National Vulnerability Database

Security automation reference data is currently housed within the National Vulnerability Database (NVD). The NVD is the U.S. Government repository of security automation data based on security automation specifications. This data provides a standards-based foundation for the automation of software asset, vulnerability, and security configuration management; security measurement; and compliance activities.
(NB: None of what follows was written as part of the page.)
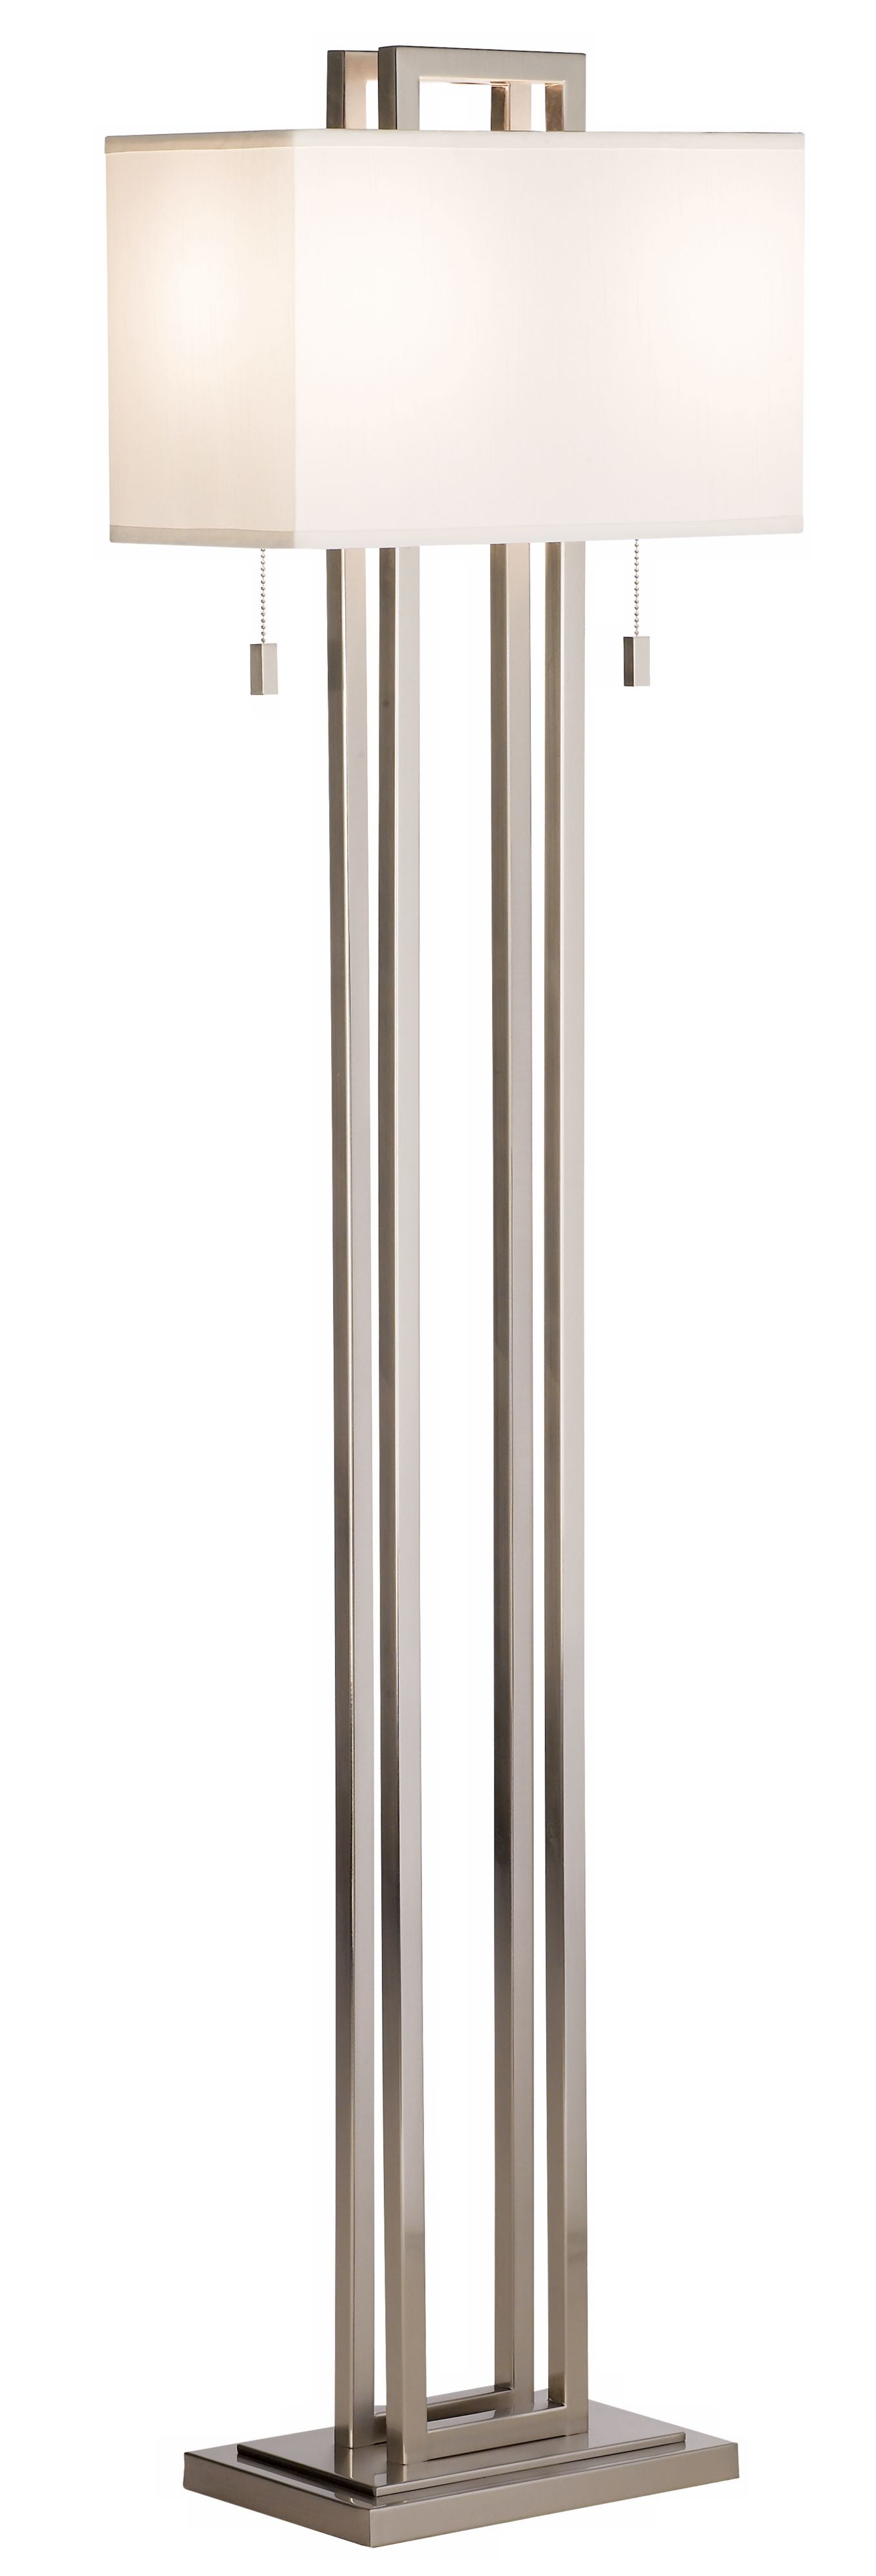 Modern Contemporary Lamp Floor Standing 63.5 Tall Brushed Nickel Silver Black Asymmetry Rectangular White Linen Fabric Shade Decor for Living Room Reading House Bedroom Home Possini Euro Design

This data supports security automation efforts based on the Security Content Automation Protocols (SCAP). The NVD includes databases of security configuration checklists for the NCP, listings of publicly known software flaws, product names, and impact metrics. A formal validation program tests the ability of vendor products to use some forms of security automation data based on a product's conformance in support of specific enterprise capabilities.

安全自动化参考数据目前存储于国家漏洞数据库（NVD）中。NVD是美国政府基于安全自动化规范的用于安全自动化数据存储的官方库。该数据提供了基于标准的软件资产、漏洞和安全配置管理的自动化、安全测量以及合规性活动的基石。这些数据支持基于安全内容自动化协议（SCAP）的安全自动化努力。NVD包括针对NCP的安全配置清单数据库、已知公开软件缺陷列表、产品名称以及影响指标。一项正式的验证计划旨在测试供应商产品使用某些形式的安全自动化数据的能力，该能力基于产品对特定企业能力的支持性符合度。